Now that my little guy has been attending pre-K for nine solid weeks, I think it's time for an update about Pre-K life.
I'm pleased to say, after about three weeks, Ollie fell into the routine of school really well. He LOVES his teachers, and they love him.
When it comes to him adjusting to school life, he's been a champ. As for me... not so much.
There's a lot going on in "big" school. The structure, rules, activities and even parents, are NOTHING like to easy days of our Church's, 'Mother's Day Out Program.' Oh no, school is full of rules and surprises for first-time parents.
Below are ten lessons I learned the hard way about having a child in Pre-K. If you're a first-time parent, this may scare you a little. It's OK; it scared me too...
1. Pre-K is real school. Our Pre-K class is in the same school as grades k-8. So every morning, we join the large flow of kids entering the school. It's kind of chaotic. Parents and kids rushing through the doors. The parents are trying to get in and out as fast as possible. My kid is clinging to me for dear life.

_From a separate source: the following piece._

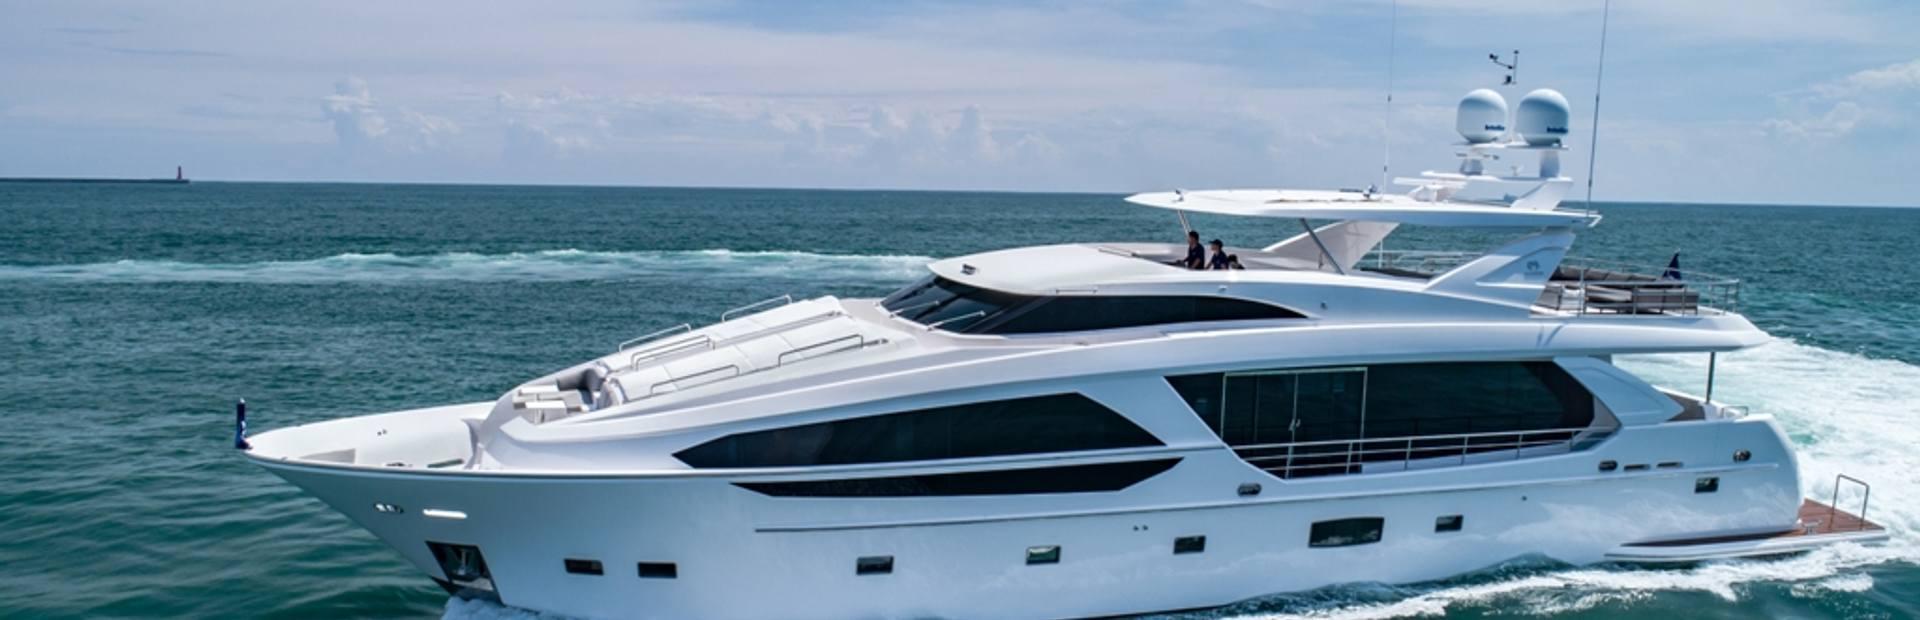 CC115 Yacht Charter

Even though he likes school, we still do this sort of song-and-dance at drop-off where he clings to me and begs for one more hug or kiss. It's totally a toddler manipulation tactic.
2. There are field trips. On school buses. Without seat belts. Seriously. It's so freaking ridiculous to me that children are riding around on buses without seat belts. #Dumbassery
3. There are Parent/Teacher conferences. With progress reports. Being that I half-expected my kid to be thrown out of school in the first few weeks, after all, he is FTD's Mini-me, I expected an earful at Ollie's Parent Teacher Conference. Much to my disappointment, we didn't get it. (Look for post tomorrow on that. It deserves its own post.)
4. There's a snack rotation. Once a month, I'm responsible for bringing in a snack for 21 kids. The pressure was almost too much to stand the first time. I had NO CLUE what to get. Or how much. I also didn't want to get a crap snack that was going to embarrass my three-year-old. You know, because somehow that would scar him for life.
I spent WAY too much time thinking about it.
5. Drop-off and pick-up are non-negotiable. School starts at 8:30 and ends when your child is scheduled to be picked up. Don't screw it up.
6. There's a PTO. I can barely keep up with my kid's events and engagements, no way can I join a committee that plans and puts on every single one. Plus, those moms kind of scare me a little.
7. The nurturing is still there. I was incredibly concerned about my little three-year-old going to school so soon. Yes, he's smart, and I know starting school early was the best thing, but he still needs to be held and nurtured. I needed to know that if he cried he would be held and soothed. Thankfully, he is. Very much so. I'm so thankful for this.
8. The Fundraising is RIDICULOUS! Holy crap! Every week it's a different fundraising program! And what's worse, the school wants me to sell shit! No. No. No. I am not peddling coupon books. I am not selling raffle tickets. And I'm sure as hell not letting my kid go door-to-door to peddle Christmas paper.
9. Find a fellow friend. Find a well-seasoned buddy to help you navigate PRE-K is essentials. I would be screwed without my two been-there-done-that mom friends. Both have a kid in Ollie's class and are a wealth of knowledge and comfort.
10. Read EVERYTHING that's sent home. Between the field trips, wear RED Fridays, Principle newsletters, Fall Festivals, field trips... read them all. I didn't read everything the first month. Which was a fail. I missed events, wear red Friday, and nearly missed our first snack day! Talk about epic a$$hole mom fail! Read. Everything.
I'm here to tell you, Pre-K is big business and a major learning experience for both child and parents. I had no idea how much would be expected of both of us. The constant stream of school events and Pre-K class programs, takes a bit of work to keep up with.
Sure, I suppose I could drop my kid off, and be done with it, but then I'd be missing out on such a monumental time in my child's life. Plus, I don't to send the message that my son's education is not important to me. Because, it's beyond important to me.